Many people find the use of drugs and alcohol to be glamorous. But most individuals who have experienced their short- and long-term effects would likely tell otherwise. The problem with abusing drugs and alcohol is not just the immediate hit that your body takes while you're under the influence of these substances, but also the long-term effects that will last long after your high--and even desire--for these substances have ended.
Long-term Effects of Alcohol
Excessive drinking can cause high blood pressure, which can lead to heart disease, strokes and heart attacks. Since alcohol is processed by the liver, heavy drinking can wear the liver down, causing it to become fatty or diseased by cirrhosis or liver cancer. According to the Bowles Center for Alcohol Studies at University of North Carolina, Chapel Hill, alcohol abuse is also responsible for two per cent to four per cent of all cancer diagnoses.

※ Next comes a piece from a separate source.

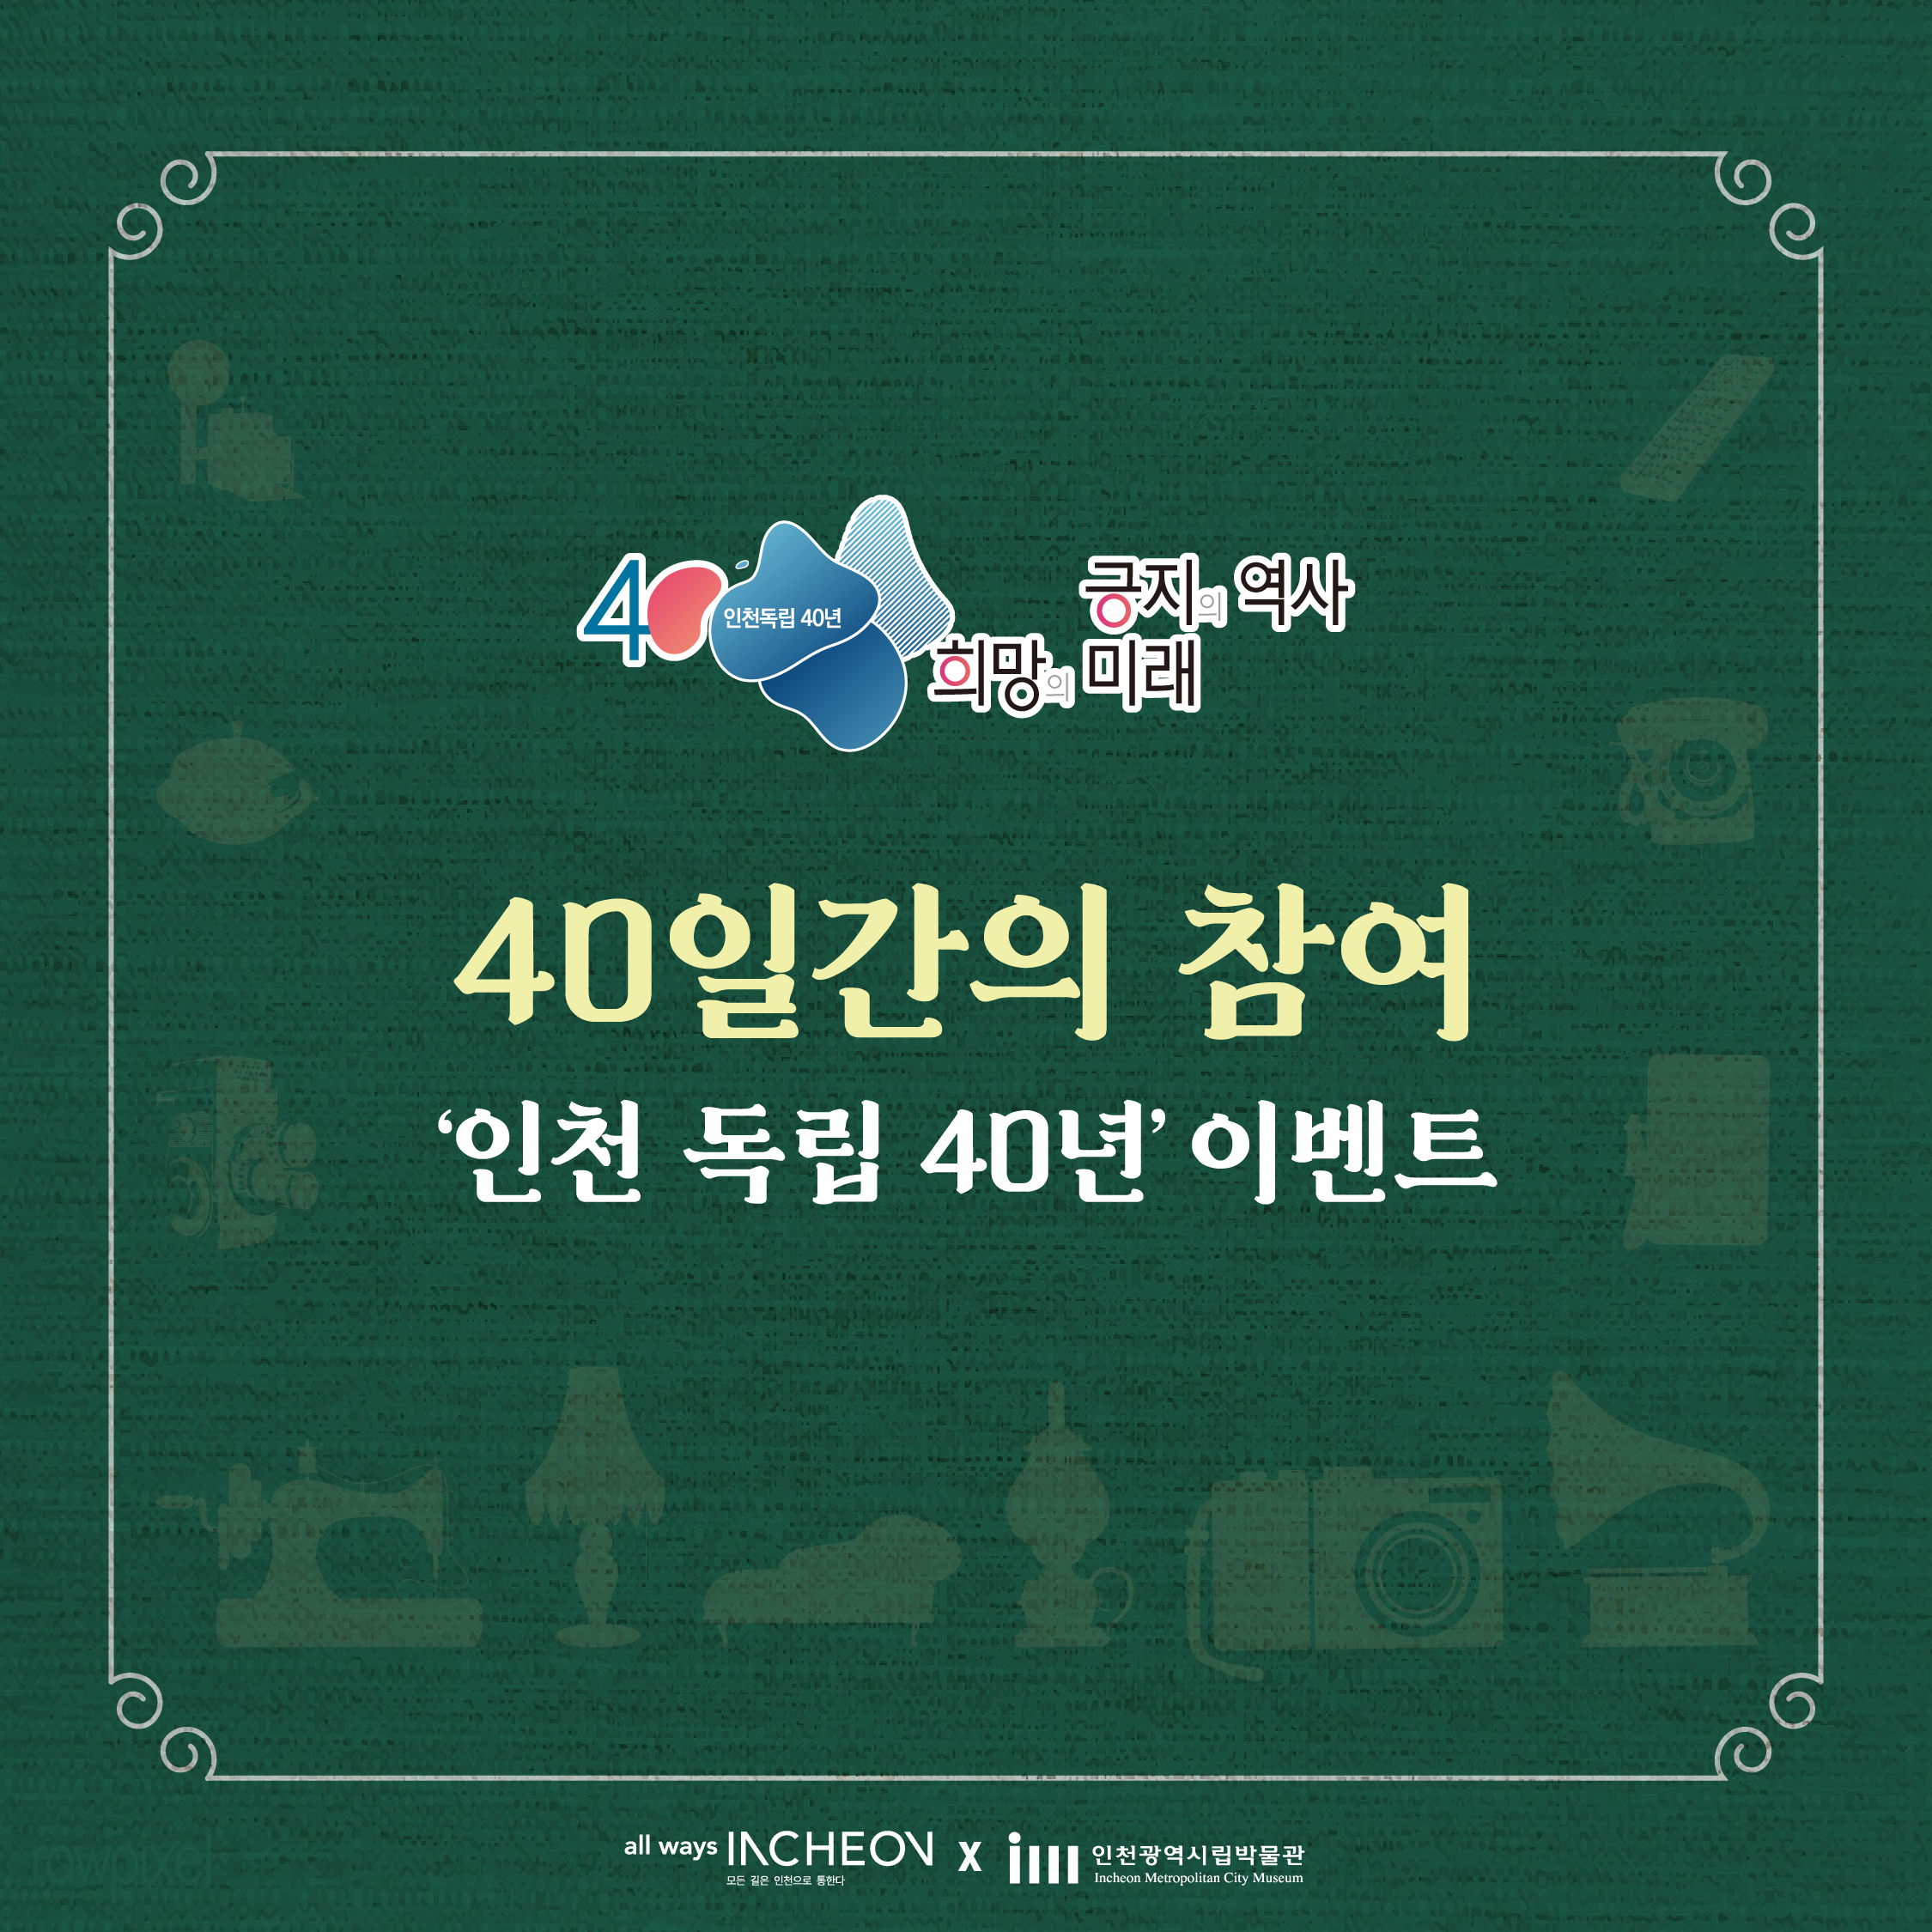 긍지의 역사 희망의 미래
40일간의 참여 인천 독립 40년 이벤트

Immediate Effects of Alcohol
Excessive drinking can cause an individual to become so drunk that they experience vomiting, nausea, dizziness and unconsciousness. Alcohol poisoning can also result from heavy drinking, which can result in serious illness or even death. Once the effects of alcohol wear off, an individual who drank excessively will likely experience the uncomfortable effects of a hangover, which include a pounding headache, vomiting, nausea, dizziness and body aches that can last anywhere from a few hours to more than a day. Individuals under the effects of alcohol may experience a loss of sensation, motor control and judgment, which can cause them to injure themselves or others or to make poor decisions that they would not otherwise make.
Immediate Effects of Drugs
There are three serious conditions, aside from death, that can result from ingesting too much of a drug, mixing incompatible drugs or taking a drug that has been laced with another ingredient, such as rat poison or chloroform. These conditions, according to the Bowles Center, include respiratory failure, heart attack and coma. Some prescription drugs, when taken in excess, can also cause hangover-like symptoms after the drug leaves the body. In addition to causing symptoms common to drunkenness, some drugs, such as cocaine, LSD, barbiturates and tranquillisers can cause rapid heart beat and seizures.
Long-term Effects of Drugs
Tremors and heart palpitations are two long-term effects caused by prolonged drug abuse. Amphetamines can cause open sores and other skin conditions that may or may not remain for long periods of time. Sexual dysfunction can also occur from abusing amphetamines and narcotics.
Effects of Addiction
Individuals who abuse drugs or alcohol may or may be very likely to become addicted to their substance of choice. Addiction can result in a loss of jobs, friends, family, income and even home. It can also cause varying amounts of irritability, depending on how addicting the individual's substance of choice is. Some drugs, such as heroin, even cause withdrawal sickness, which is marked by bouts of nausea, vomiting, irritability, hot flushes, shakes and cold sweats.